Now we know this is sound advice in many situations. It normally serves no purpose to spend one’s time engaged in petty squabbles with others. The conflict takes on a life of its own, and soon becomes unmanageable, dragging us down while wasting time and effort. Most of us have experienced this sort of thing in our lives. But with all due respect to Athena, can it really be said that one should never engage in conflict? And if so, when should we enter the fray, and when should we avoid it? These are the types of questions we really need answered. No one can go through life while avoiding conflict completely; there will be many times when we must respond to unjust or unfair attacks. What we really need to know is: when should we desist, and when should we engage?
The answer, of course, is not an easy one, and will always depend on the situation. Some miscalculate, and abstain when they should defend themselves, while some do the opposite, pointlessly expending energy in futile bickering. I think it should go without saying that one must fight back if one’s vital interests are being threatened: if one is being unjustly accused, maligned, or attacked. We would even expand the scope of this zone of critical interest to include our close personal family members. So then the question becomes being able to identify one’s vital interests.
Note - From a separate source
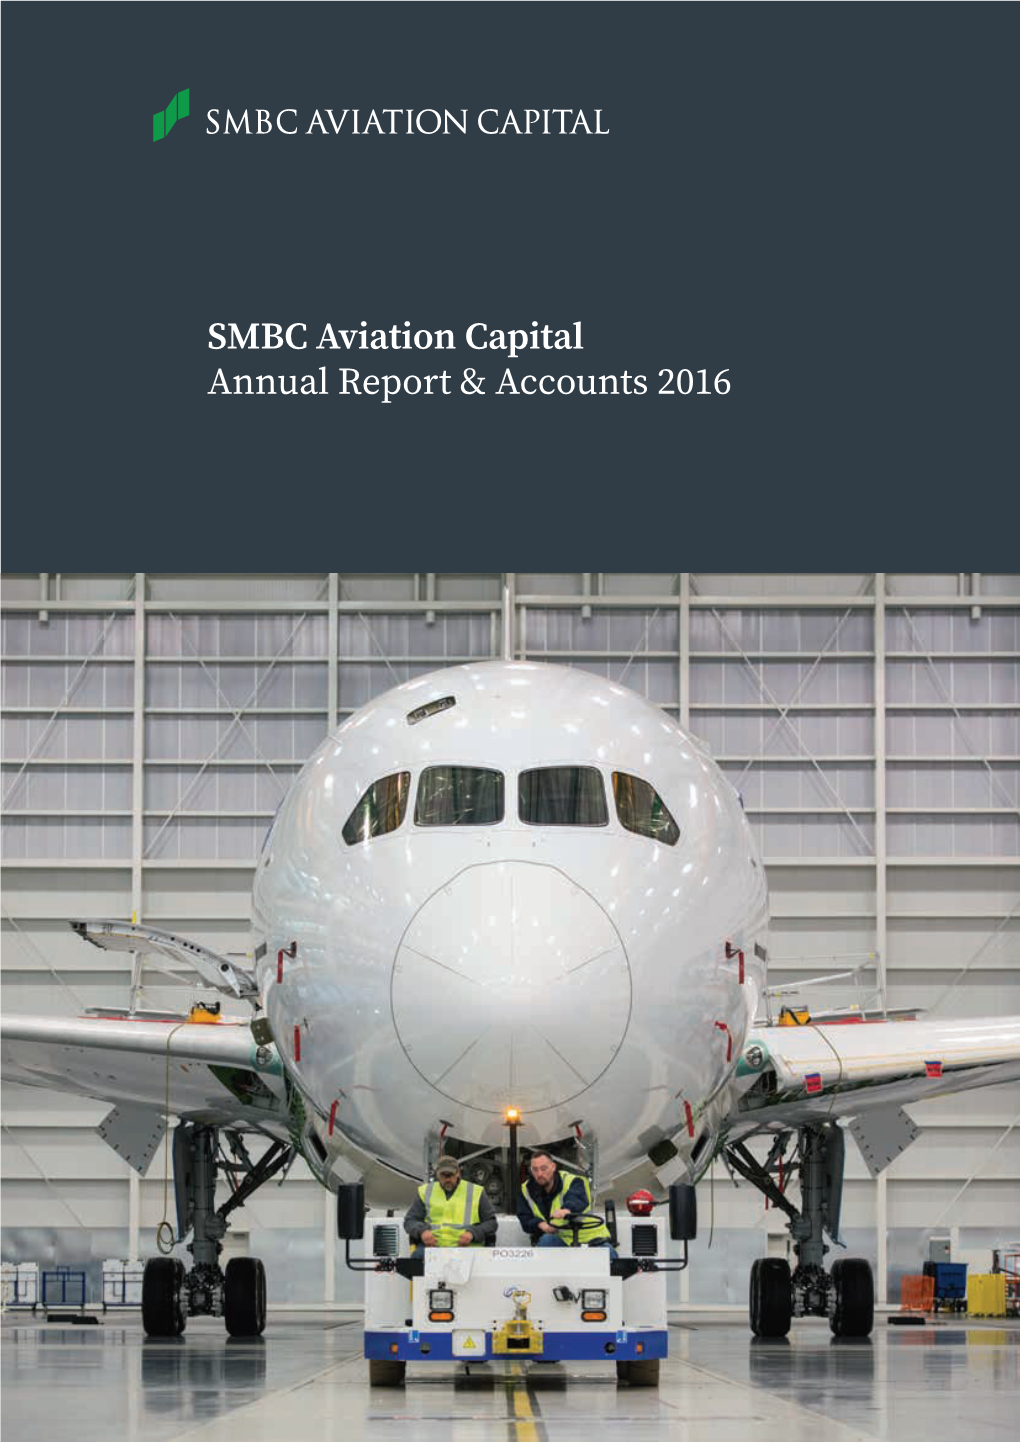 SMBC Aviation Capital Annual Report & Accounts 2016

Some things should be ignored, and some must be addressed with vigor and ferocity.
The Renaissance humanist Giovanni Pontano (1426-1503), in his treatise On Speech (De Sermone) identified a number of different classes of speech personalities: the flatterers, the affable, the urbane, the adulators, the gasping, the insipid, the prolix, the contentious, the verbose, the triflers, and the taciturn. The experience of being able to identify these various personality types will assist us in deciding whether someone is worth responding to. An insignificant fool with no influence or relevance is probably not worth a response, even if he attacks a vital interest. Here, as in so many other things in life, an observance of the mean is needed: one must aim for a balance between defending one’s legitimate interests, while letting insignificant irritations slide. Some people love to get involved in pointless disputes. We must learn to identify such types, and understand their motivations. Pontano calls them the “contentious” (contentiosi), and describes them in this way:
The complete opposite of adulators in their endeavors appear certain contentious men, whose nature and also endeavor are not only not to speak to please or gratify others, but on the contrary to oppose them and, nowhere or in any situation, to fear to offend anyone by speaking. Indeed, they both sow disputes willingly and eagerly take up ones sown by others, and rejoice in fostering and keeping them going. [De Sermone I.18; Trans. By G. Pigman]
But it is not just a matter of knowing personality types; we must have an understanding of how words and actions can threaten vital interests. I would suggest that the following zones of interest should be considered vital: reputation, honor, employment, close family members, and spouse or other loved ones. An attack on any of these zones of interest is significant and deserving of a response, as long as the other party is significant.
Even when one does respond to an attack on a vital interest, one should only engage in this type of conflict for the minimum time needed to make one’s point, and not a second longer. For no one has ever benefited from protracted conflict. This is one of the pitfalls that traps many; they make their point effectively, but then they refuse to let the matter rest. They feel a need to continue making the point over and over again, with the result that any goodwill they might have earned from others is quickly dissipated. Fight your corner, say your peace, and stand your ground; but once this has been done, comb your hair, straighten your collar, dust off your shirt, and keep walking.